Think of two runners: f and g. These three notations are just asking who wins in a long race?

🏃 f = O(g) — "f is at most as fast as g." f doesn't outrun g (up to a constant). g is an upper bound.

🏃 f = Ω(g) — "f is at least as fast as g." g is a lower bound for f.

🏃 f = Θ(g) — "f and g are neck and neck." Same speed. Both O and Ω hold.

Formally, f = O(g) means: there exist positive constants c and n₀ such that f(n) ≤ c·g(n) for all n ≥ n₀. You're allowed to scale g by any constant — you just can't let it go below f forever.

Worked Example

Is 3n² + 5n = O(n²)?

1.We need to find c, n₀ so that 3n² + 5n ≤ c·n²

2.Factor: 3n² + 5n = n²(3 + 5/n).

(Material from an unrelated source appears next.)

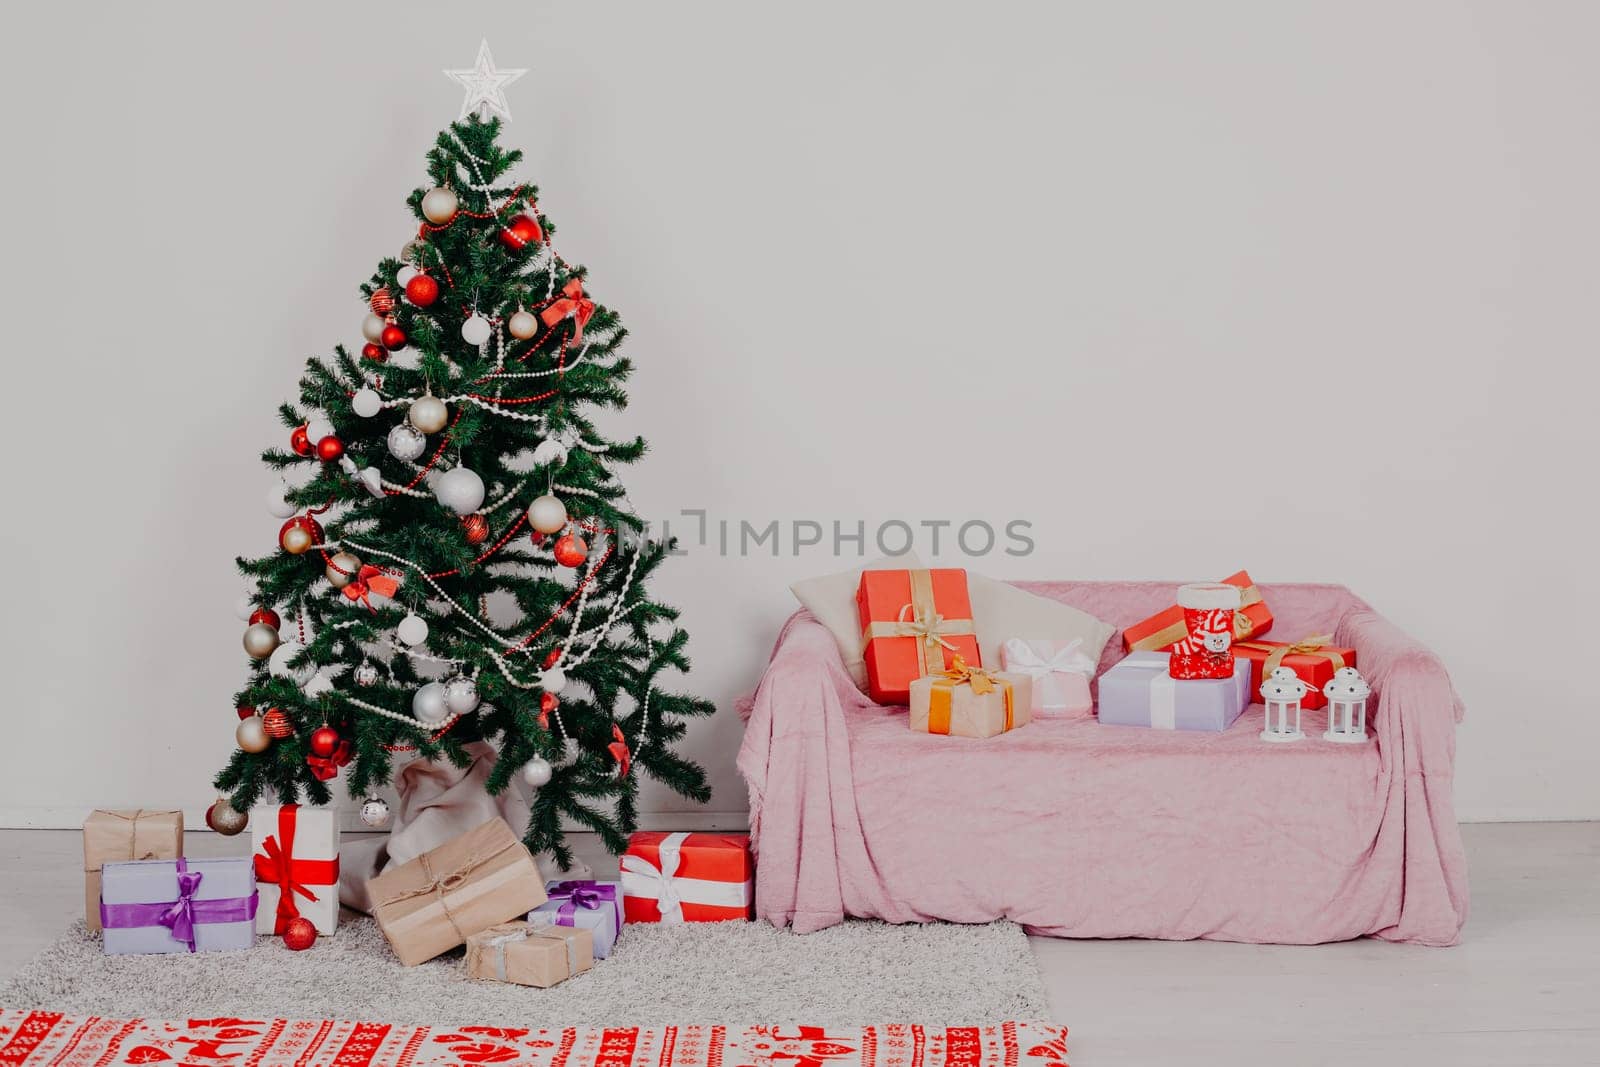 Christmas tree in a white room with Christmas decorations and gifts toys by Simakov

As n grows, 5/n shrinks toward 0.

3.For n ≥ 1: 5/n ≤ 5, so 3n² + 5n ≤ 8n²

✓ c = 8, n₀ = 1 works. So 3n² + 5n = O(n²)

4.Also clearly ≥ 3n², so it's Ω(n²) too → Θ(n²)

02 Log bases don't matter (but exponential bases do!) +

This trips everyone up. All log bases are asymptotically identical — log₂n, log₃n, log₁₀n are all Θ(log n). This is because changing the base just multiplies by a constant, and constants vanish in Big-O.

log_a(n) = log_b(n) / log_b(a) → just a constant factor apart

Logs: base doesn't matter. Exponentials: base absolutely matters.
2ⁿ vs 3ⁿ are NOT equivalent — lim(2/3)ⁿ = 0, so 2ⁿ = o(3ⁿ).

Worked Example — from your problem set

Is f(n) = 2log₃n + 3log₅n + 4log₇n equal to Ω(log n)?

1.Convert each term: log₃n = log n / log 3 = c₁ · log n

2.Same for log₅n = c₂ · log n and log₇n = c₃ · log n

3.So f(n) = (2c₁ + 3c₂ + 4c₃) · log n = some constant × log n

f(n) = Θ(log n) → YES, f = Ω(log n). The claim "f ≠ Ω(log n)" is FALSE.

FALSE

03 Sorting lower bound — why ⌈log₂(n!)⌉? +

Imagine you want to sort a deck of n cards. Every comparison you make is a yes/no question. You need to ask enough questions to figure out which of the n! possible orderings is the right one.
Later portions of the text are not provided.